It is clear that traditional Inuvialuit culture shared a number of important traits with its Thule ancestor. Like the Inuvialuit, Thule people enjoyed a relatively elaborate hunting culture, with permanent sod-house winter villages, karigis, and at least the beginnings of social complexity. There are also clear differences. Thule sites are rare or absent even from upland areas unthreatened by coastal subsidence, areas well-endowed with later Inuvialuit sites. It seems reasonable to suppose that the Thule population was significantly smaller than that of the Inuvialuit, and that it was more restricted to coastal margins, where erosion and subsidence have been most active.
Other important differences include an absence of fish-netting gear in Thule, and an Inuvialuit commitment to the communal kayak-based hunting of beluga whales which transcends anything seen in Thule. The adoption of both seem to have been pivotal in the transition from Thule to Inuvialuit culture, an event which the earliest Inuvialuit radiocarbon dates suggest happened sometime in the late thirteenth century A.D.

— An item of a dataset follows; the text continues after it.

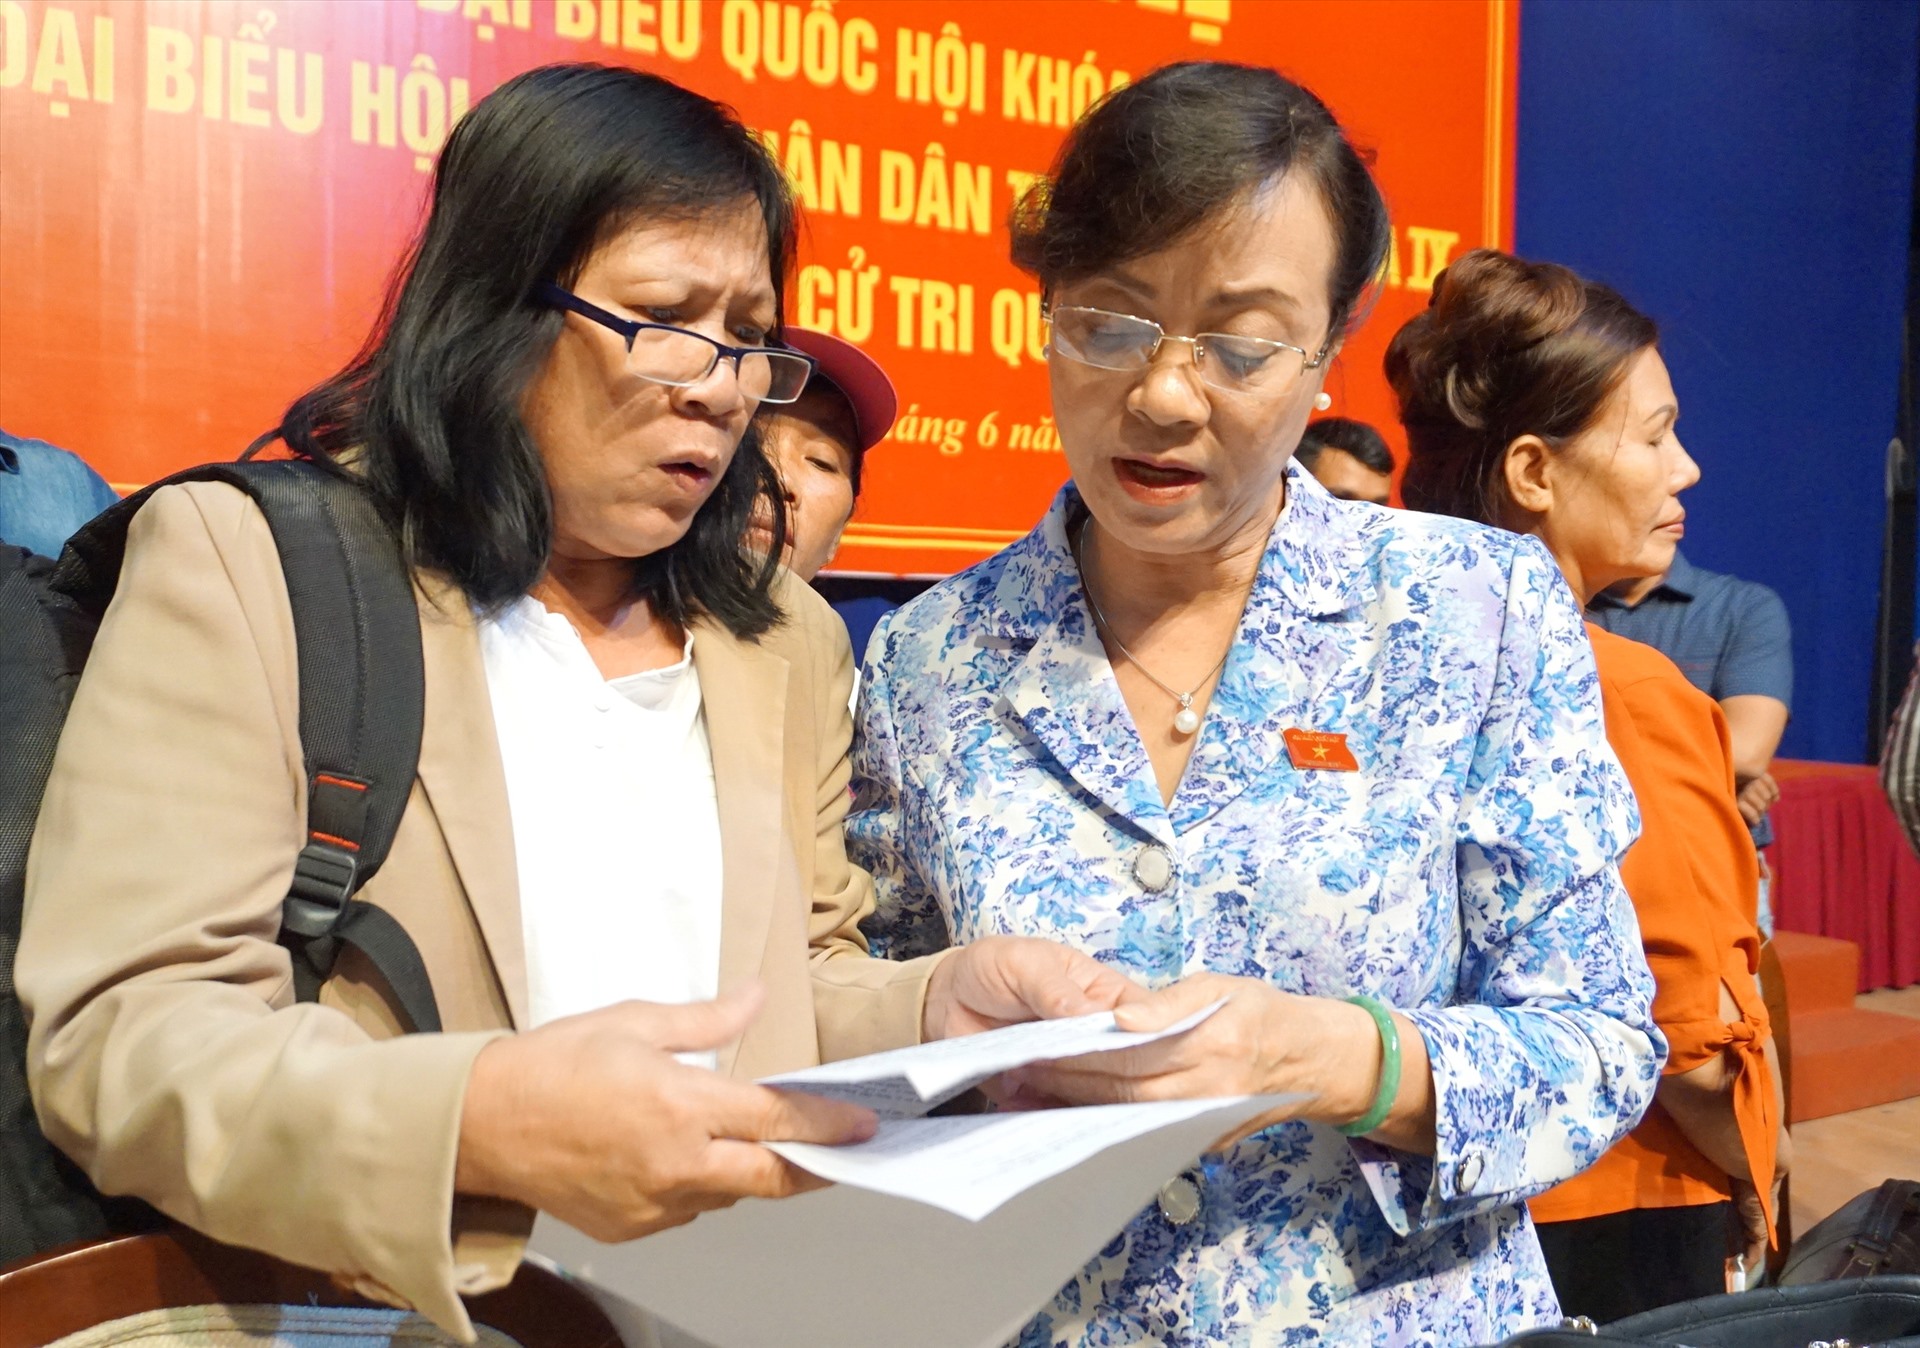 Cử tri quận 2 trao đổi với bà Nguyễn Thị Quyết Tâm sau buổi tiếp xúc cử tri trước kỳ họp.  Ảnh: Minh Quân
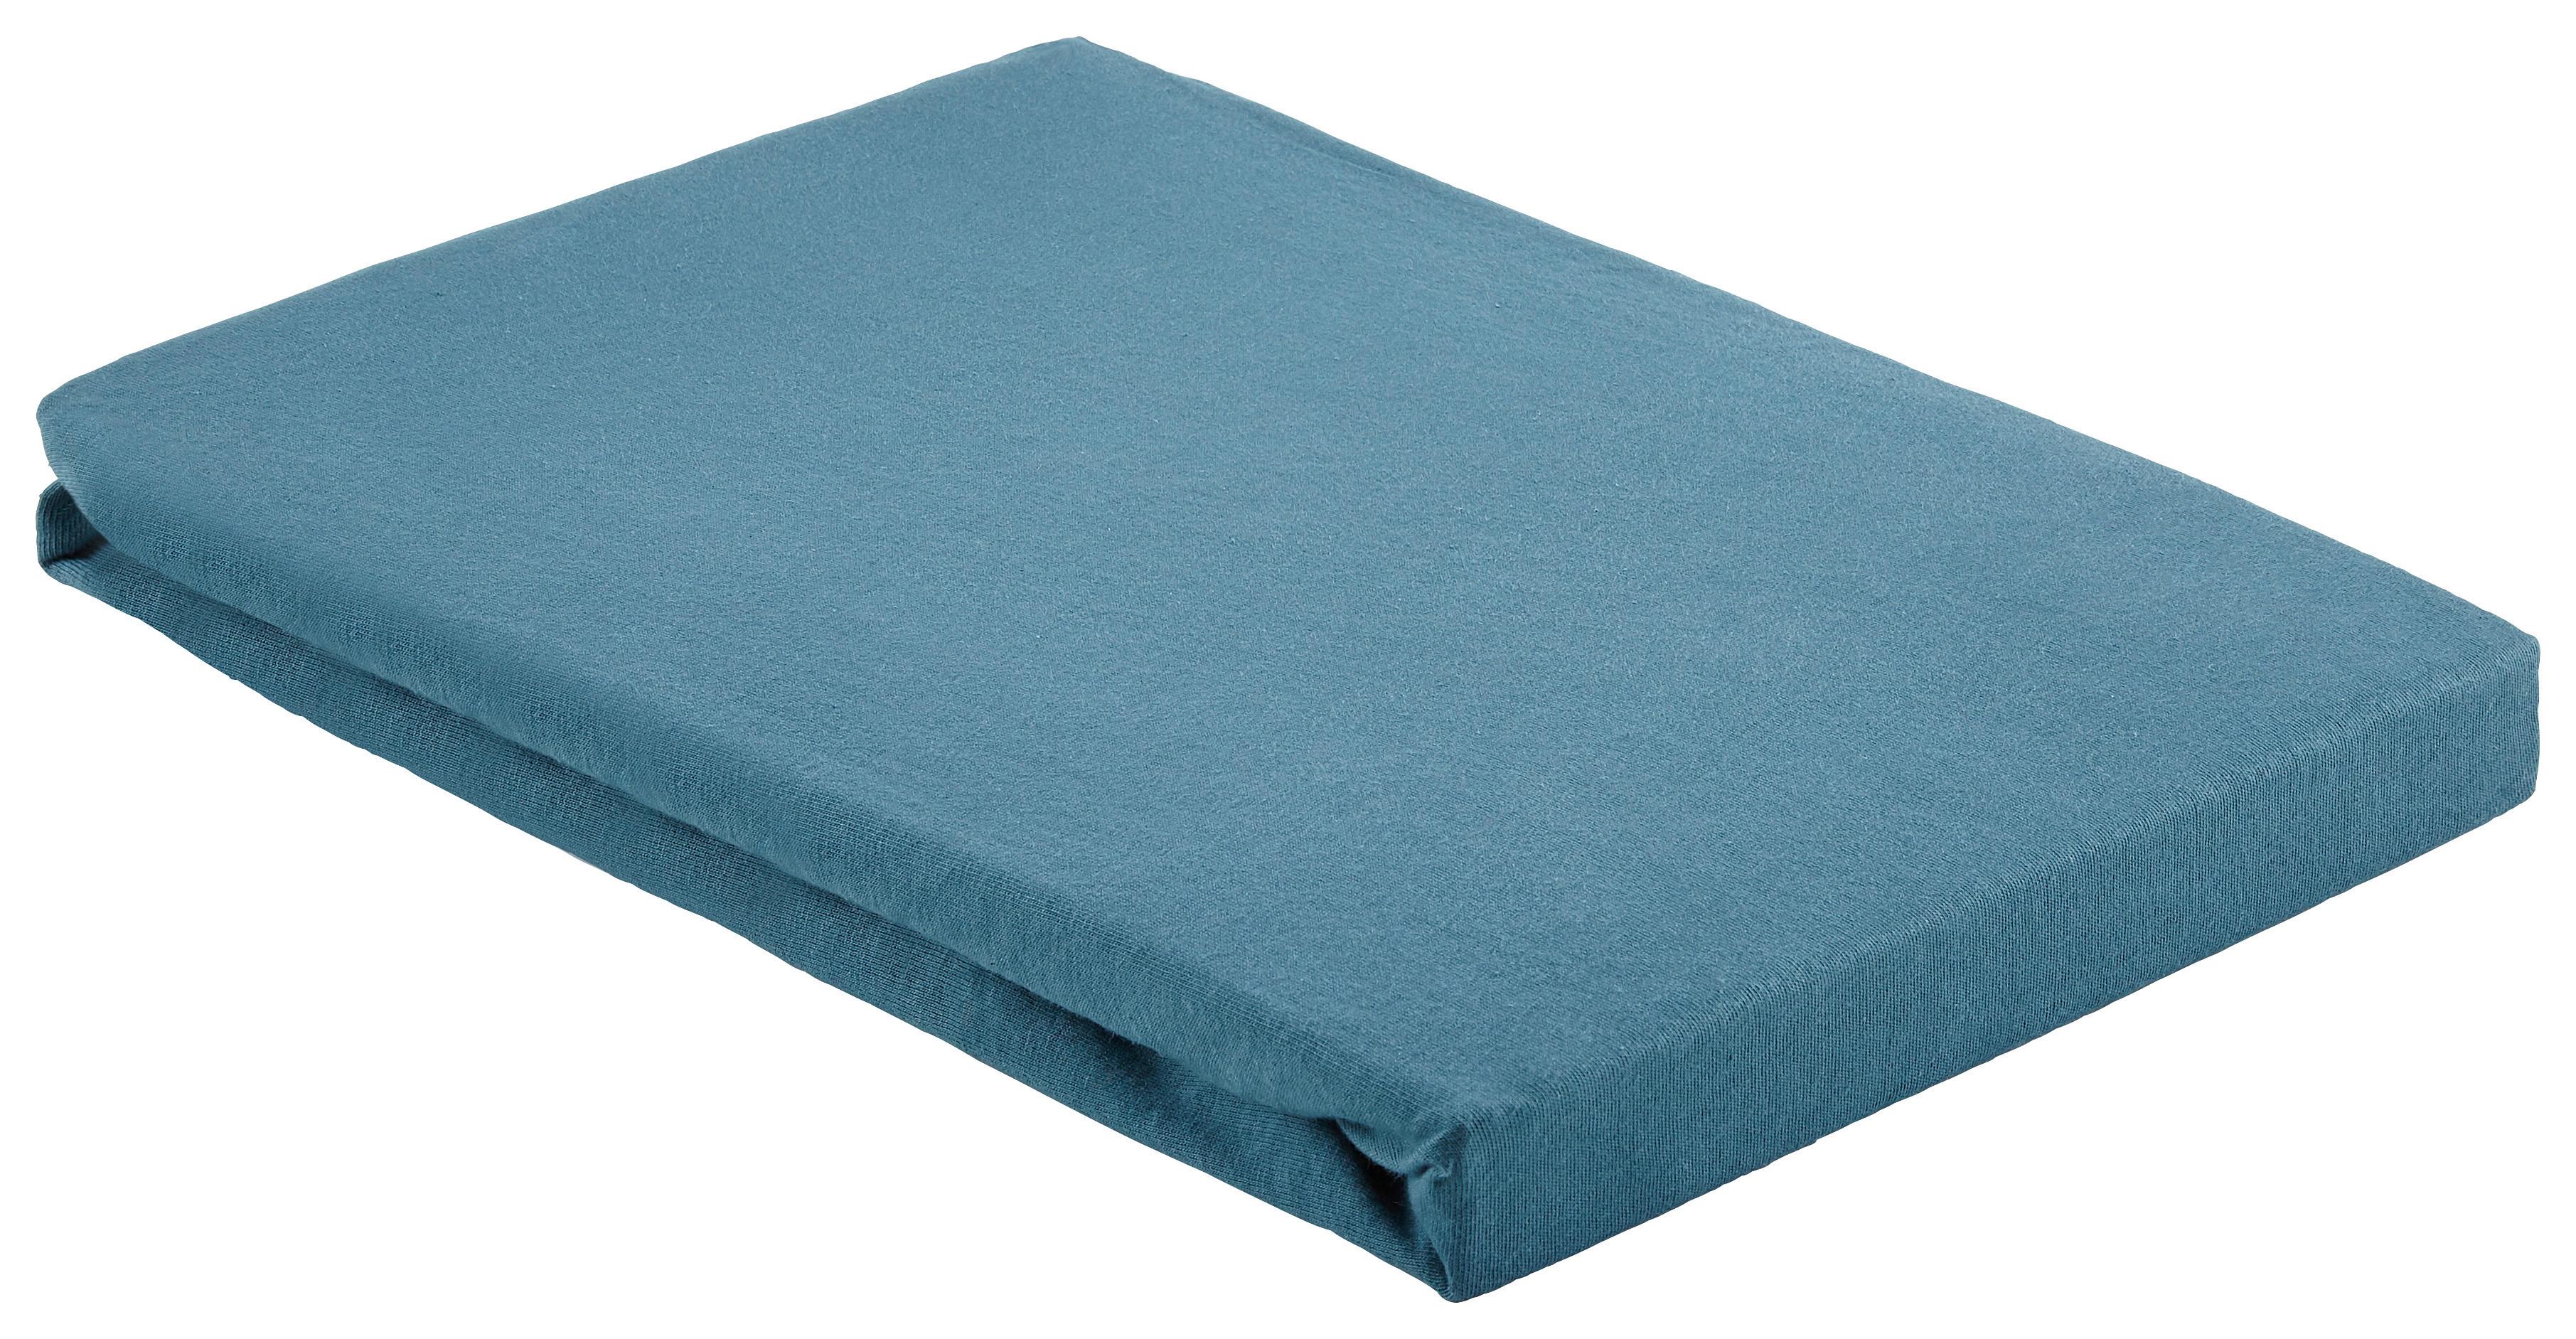 Cearșaf cu elastic Basic - albastru, textil (100/200cm) - Modern Living

Inuvialuit culture proved remarkably successful and stable, apparently much better adapted to the riverine environments of the western Canadian Arctic than its Thule predecessor. From its origins about seven hundred years ago to the time of European contact five hundred years later, very little in the way of cultural change is apparent in the archaeological record. But changes were just around the corner.